Au dissolution curve in 24 h. Dissolution process was monitored by FAAS for 24 h and dissolution curve was plotted against time. k ₁, k ₂, and k ₃ are predominant dissolution rates at different times of the reaction progress (0–2 h, 2–13 h and 13–24 h, respectively). They were calculated as tangential rates with slopes of 41.7 % h⁻¹, 3.5 % h⁻¹, and −1.1 % h⁻¹, respectively. I₂ concentration drop is manifested as a discoloration of the reaction after 2 h.

Figure 4

Au dissolution and relative intensities for species 1, 2, and 3 in the first 3 h. Intensities for species 1 ([M]⁻ with m/z 451), 2 ([M−H]⁻ with m/z 473), and 3 ([M−2 H]⁻ with m/z 495) were monitored by ESI‐HRMS in negative mode for the first three hours of the dissolution reaction. The highest intensity was set to 100 % and other data was adjusted accordingly. Intensities were combined with FAAS dissolution curve and plotted against time. Intensities of 1 and 2 rise at the beginning and are then constantly present to some extent, while the intensity for 3 closely follows the dissolution curve (which is in agreement with the proposed mechanism). At 3 h, the ratio between 1, 2, and 3 reaches 1.1/7.7/100.0.

Figure 5

2‐MBI derivatives and another Au species identified in the reaction mixture.
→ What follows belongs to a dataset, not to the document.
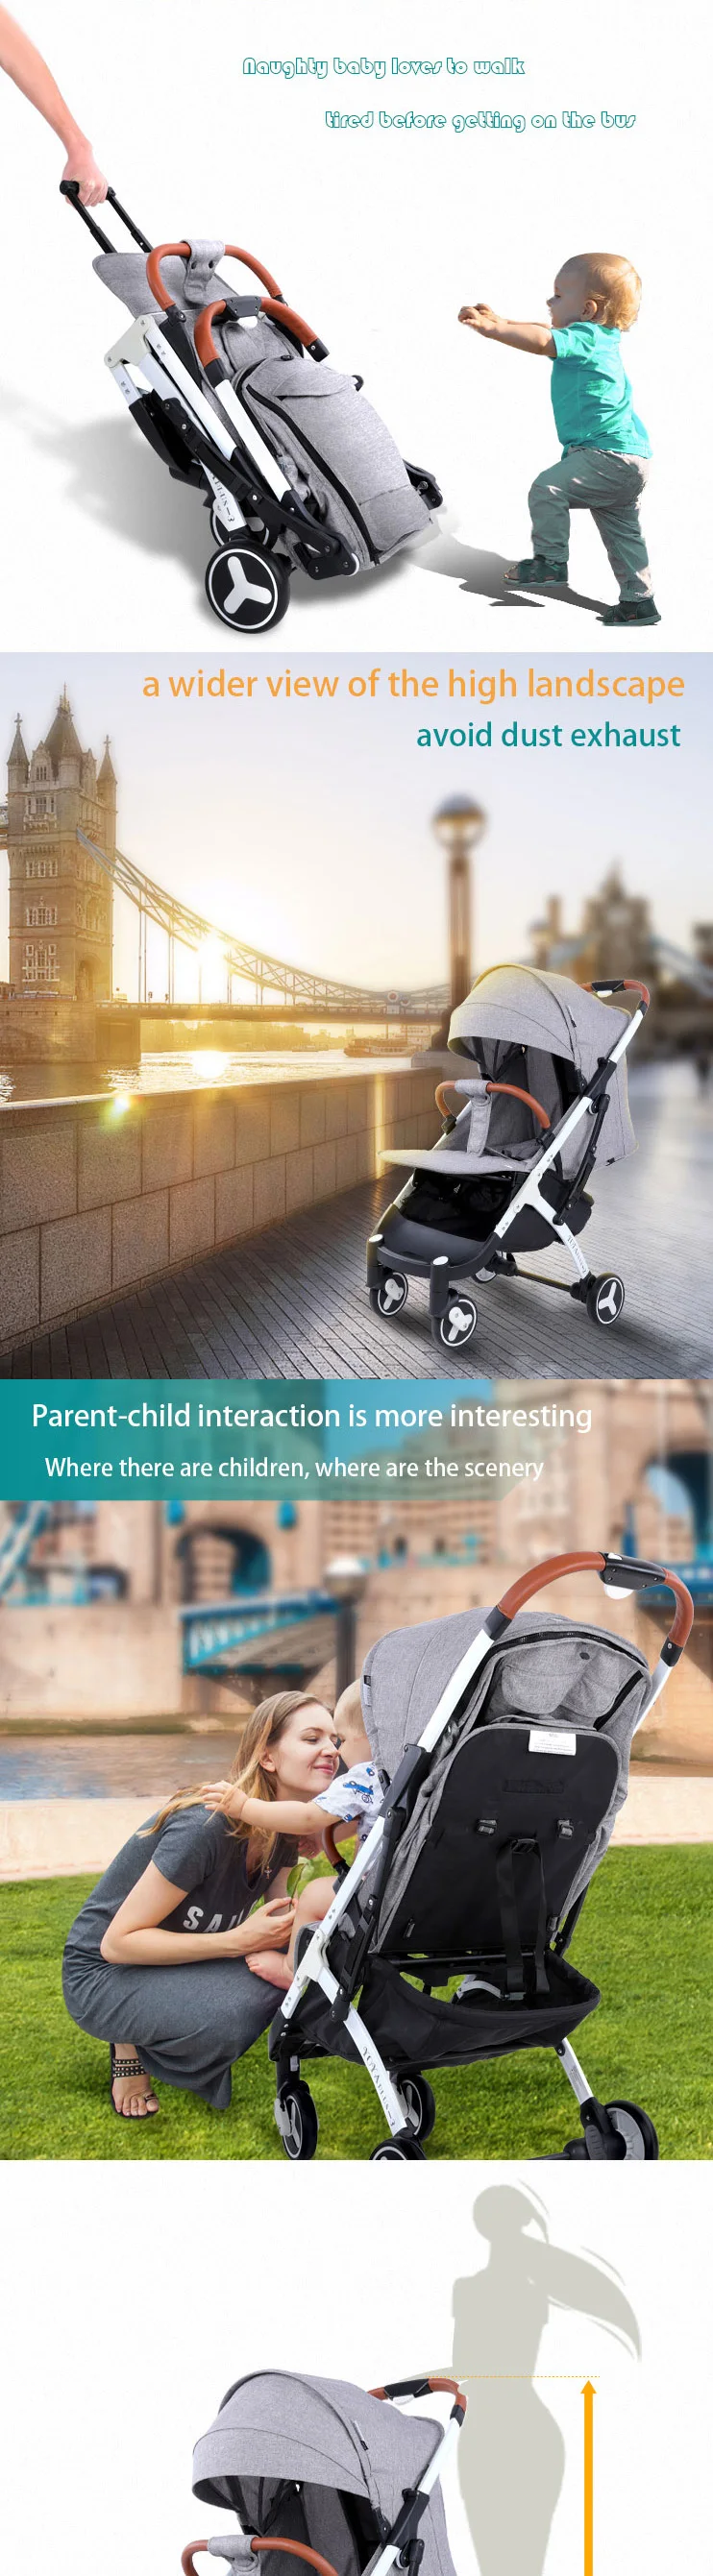 Yoya Plus3Easy складной светильник для детской коляски, складной зонт для автомобиля, может лежать ультра-светильник, рама из алюминиевого сплава, детская коляска

Different species were identified from ESI‐HRMS in positive mode and ¹H NMR spectrum of the reaction mixture, including disulphide 5, sulphide 6, and trisulphide 7. Benzimidazole (8) and another Au species, (4) were also detected by ESI‐HRMS but with low intensity.

Figure 6

Precipitation of Au and recycling of 2‐MBI with NaBH₄. NaBH₄ was added directly to the scaled‐up reaction mixture with 20 mg of dissolved Au. Black quantitative precipitate was collected and identified with SEM and EDS as elemental Au with 92 % isolated yield. After evaporation of reaction solvent and quenching of the residue with diluted aqueous HCl, pure 2‐MBI was regenerated with 41 % yield.